His speech patterns are hypnotic and calming. He paces back and forth, looking at shoes as often as faces. Nothing is forced, emotional or too complex. He explains his decision to abandon a lucrative acting career for the world's most difficult job, presidential candidate, as if he woke up one morning and decided to put down the whiskey bottle for his family. "I could sit back and read somebody else's script and maybe clip coupons once in a while," he says. "Or I could step up."

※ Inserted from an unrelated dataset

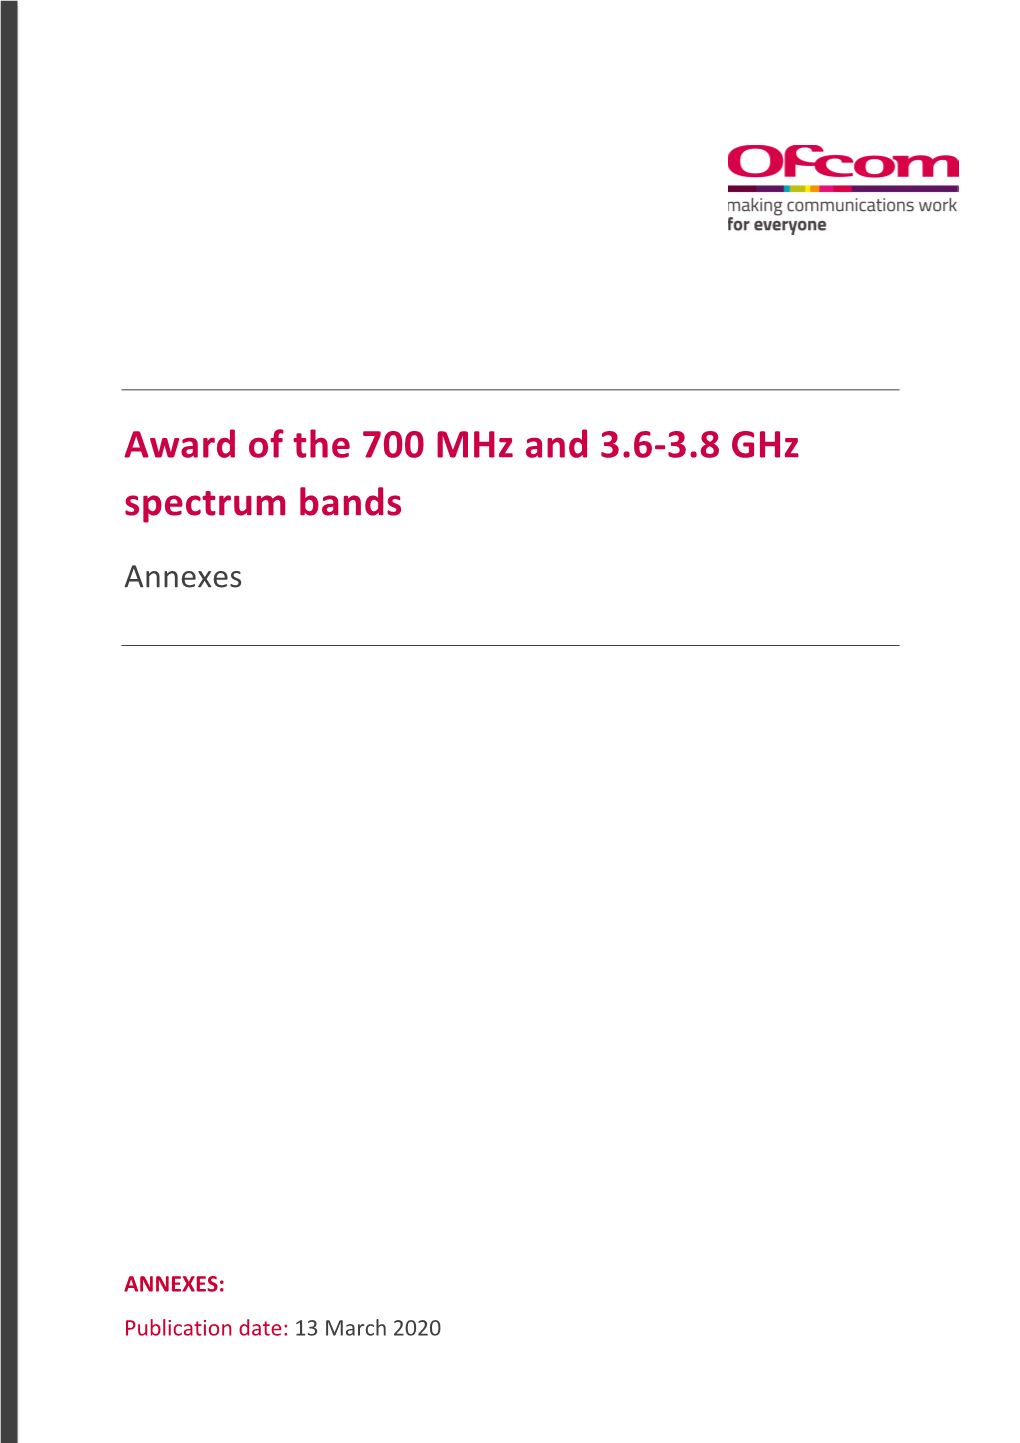 Award of the 700 Mhz and 3.6-3.8 Ghz Spectrum Bands Annexes

Happy Birthday, Elia Kazan, and know that your legacy, however problematic, is still very much with us.

Comments

Jonathan Lapper said…
I came so close to picking this for 1957 in my Oscar posts but just barely didn't. Griffith is extraordinary and it's a crime of sorts that he wasn't nominated for "Best Actor". His performance was easily better than the rather lazy job Brando phoned in for "Sayonara" for which he was nominated.

I first saw this film in 1991 as Rush Limbaugh was beginning his ascent and remember thinking at the time that it was amazingly prescient. I also agree it is Kazan's best. For one thing, as I noted before in my Oscar post for the fifties, it doesn't have that icky self-justification of "On the Waterfront" that has always made me feel a little dirty after watching it. If you can equate getting your career back on track by naming the names of people you've worked with in front of a witch hunt committee to courageously turning evidence on a gangster who knows what kind of self delusions you're capable of.

Thanks for the post.
Cinephile said…
Jonathan,
I first saw it in 1994, the same fall that Newt Gingrich was about to ascend to the Speaker's post, so it felt timely to me, too. I haven't see "Sayonara," but it's hard to imagine anyone better than Griffith is in this-- just so forceful and fearless, walking that fine line between monstrousness and (at least occasional) sympathy. And Patricia Neal is her usual, quietly spectacular self, too. Thanks for the comment!